Bio
I’m a postdoc and resident at Memorial Sloan Kettering, where I split my time between treating patients as a Radiation Oncology resident in the Holman Pathway and building computational tools to make clinical cancer data more informative. As a postdoctoral researcher in Computational Oncology, I work with Nikolaus Schultz, Francisco Sanchez-Vega, and Sohrab Shah and lead the Pathology Data Mining team within the Cancer Data Science Initiative.
I got my PhD and MD through the Weill Cornell/Rockefeller/Sloan Kettering Tri-Institutional MD-PhD Program, doing my dissertation in Computational Oncology with Sohrab Shah via MSK-MIND. Before that, I studied Biomedical Engineering at Yale.

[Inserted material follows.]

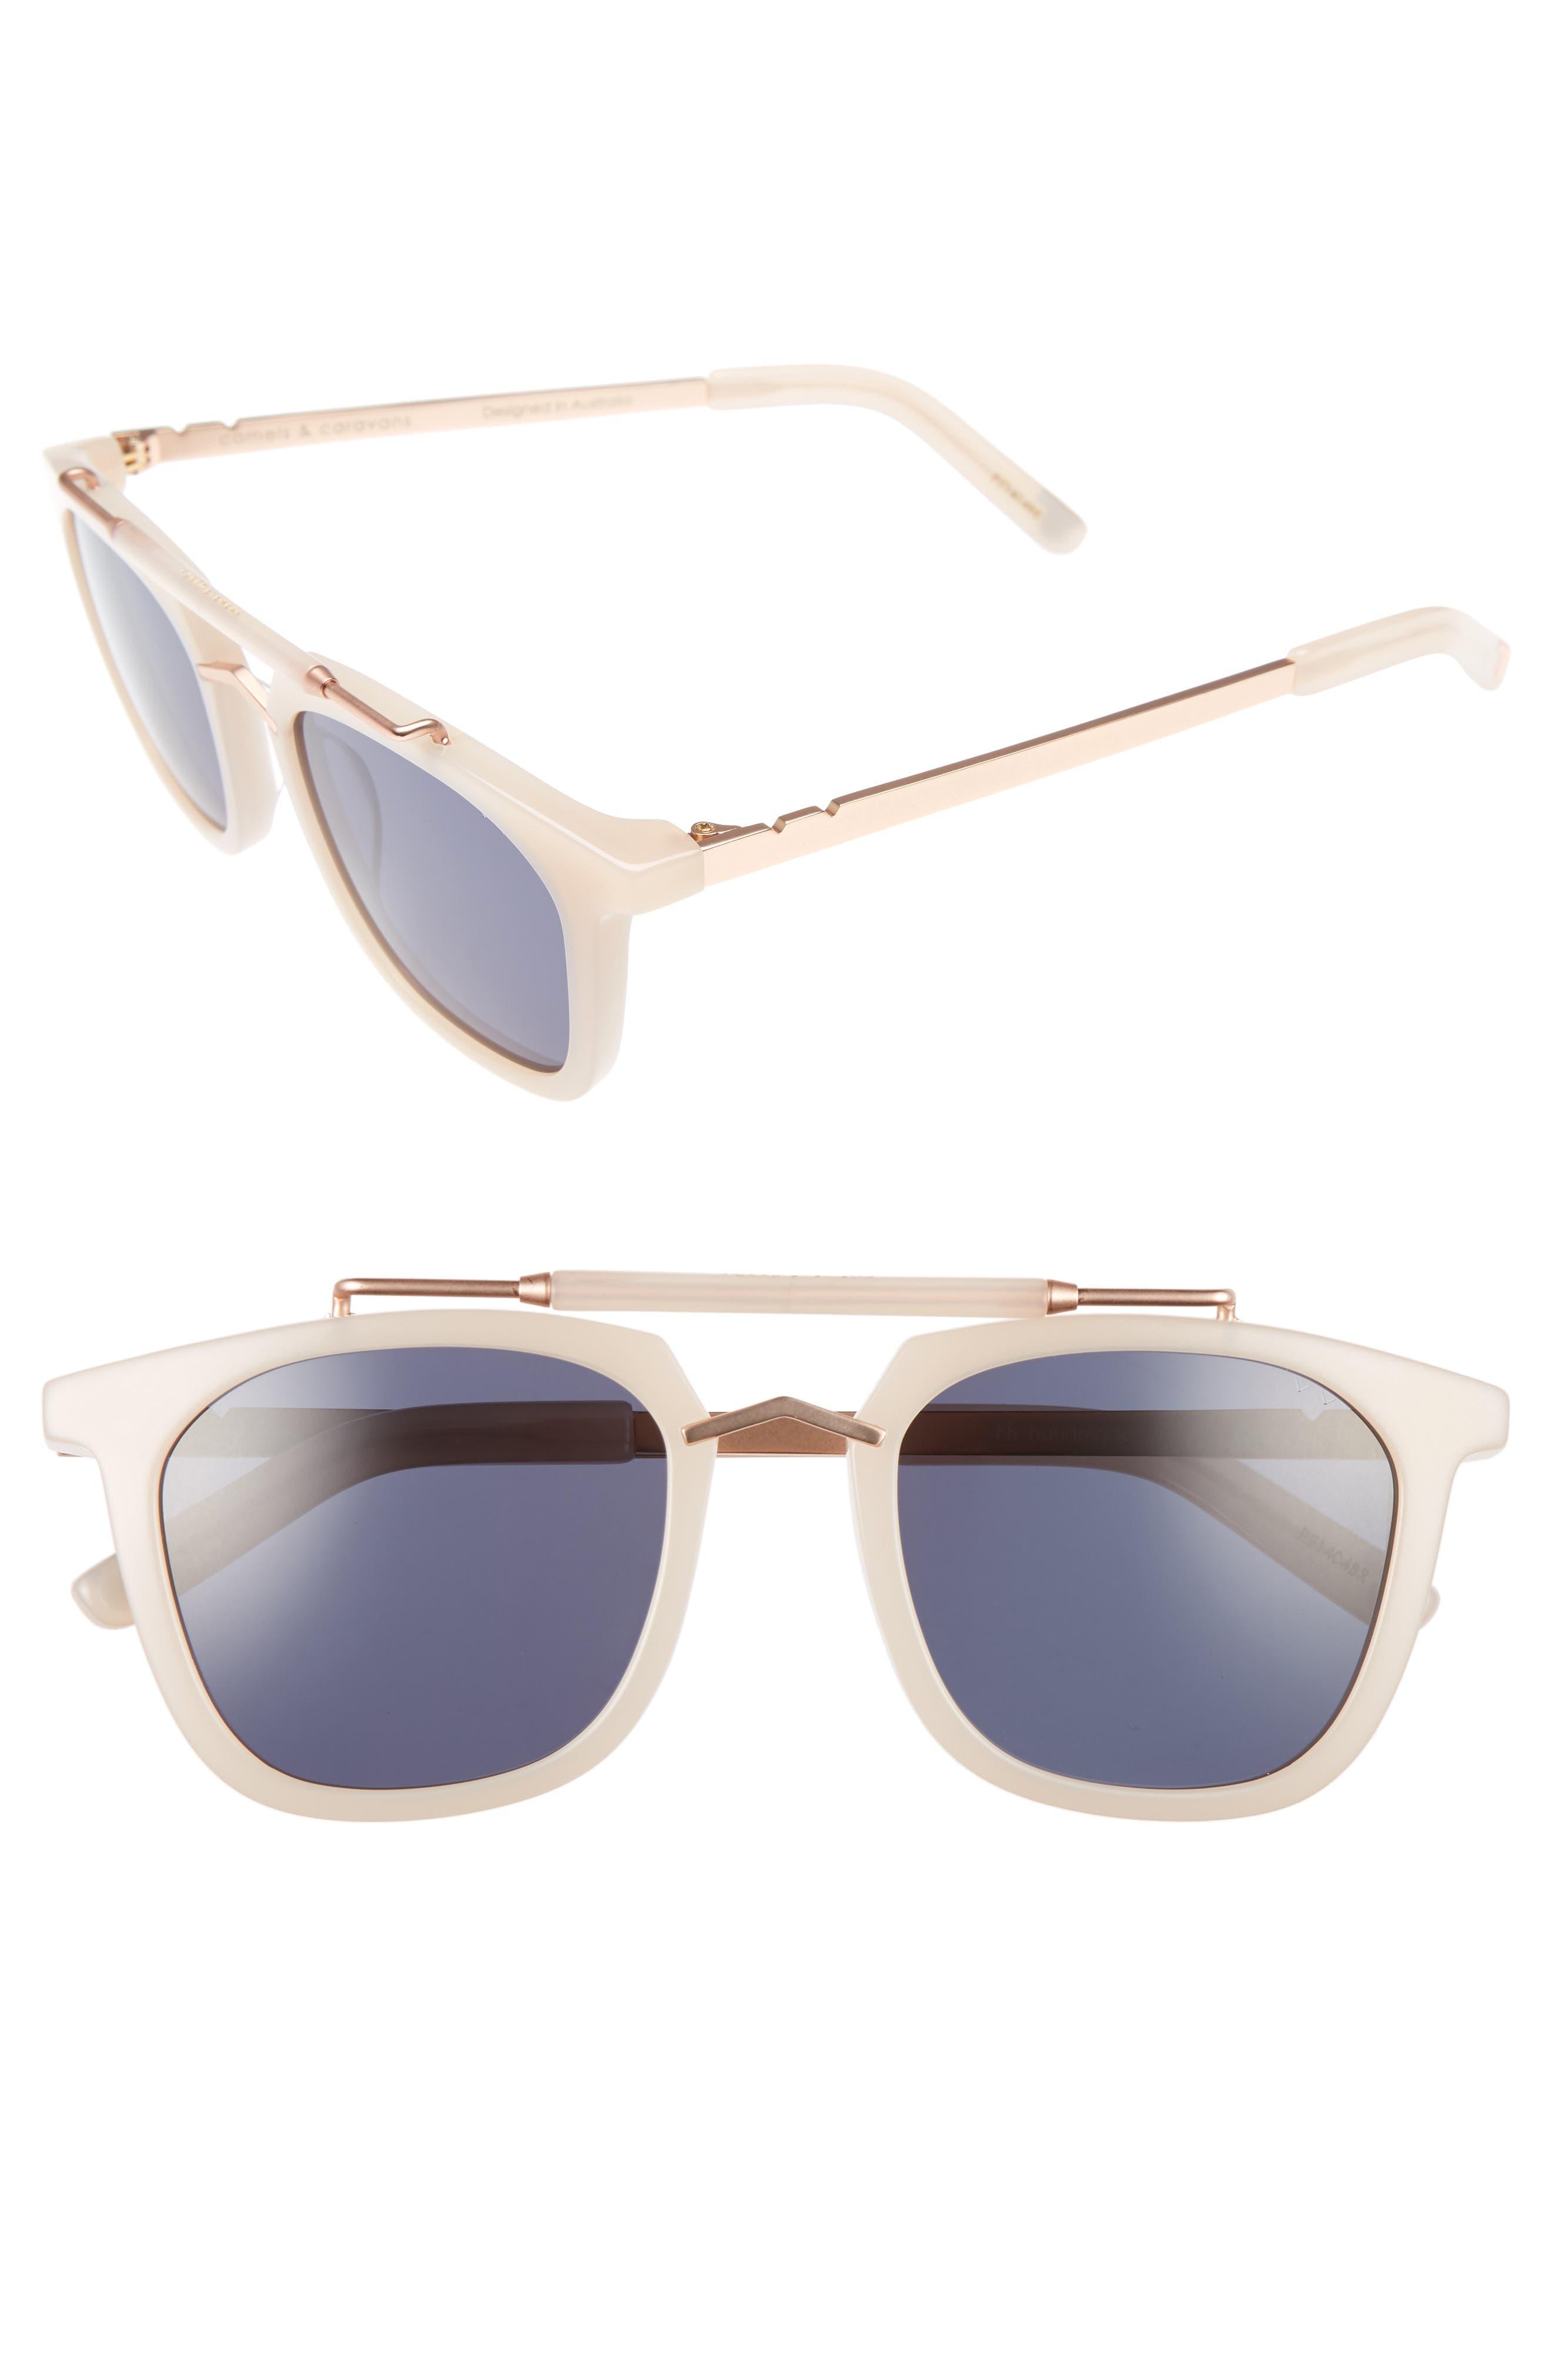 Camels & Caravans 50mm Retro Sunglasses,                             Main thumbnail 1, color,                             Blush/ Rose Gold Grey
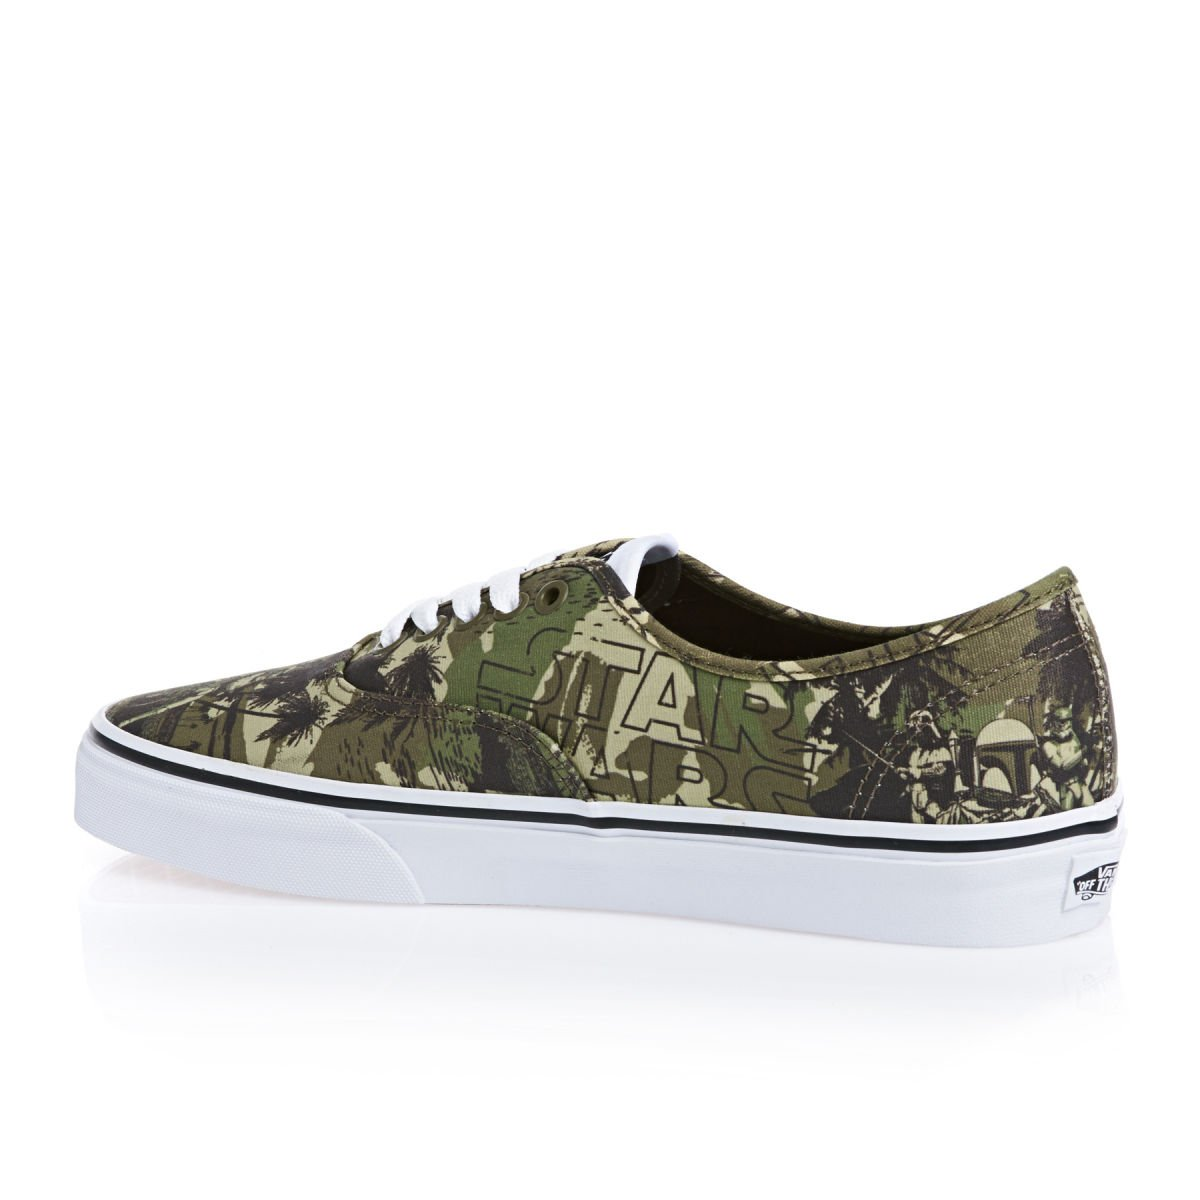 b1e353a74ecc8f Vans Star Wars Authentic Sneaker Boba Fett Camo 4 M US Men   5.5 M US  Women  Amazon.ca  Shoes   Handbags

The through-line in my work is using machine learning to pull clinically actionable insights out of data that’s already being generated during routine cancer care — pathology slides, sequencing panels, clinical records. I’m especially drawn to digital pathology and multimodal ML, where there’s a massive opportunity to connect what we see under the microscope with what’s happening at the molecular level, and how they impact response to specific therapies. Some of my prior work applied this idea to breast cancer: we built ML to identify patients who stand to benefit from chemotherapy after surgery.
I’m a PI on grants from the Fund for Innovation in Cancer Informatics and aiTDIF, a member of the MSK Entrepreneurship Initiative, and have given talks at AACR: Special Conference on AI and ML and ESMO AI. I was recently awarded the AACR-Margaret Foti Foundation Scholar-in-Training Award for our most recent work in progress.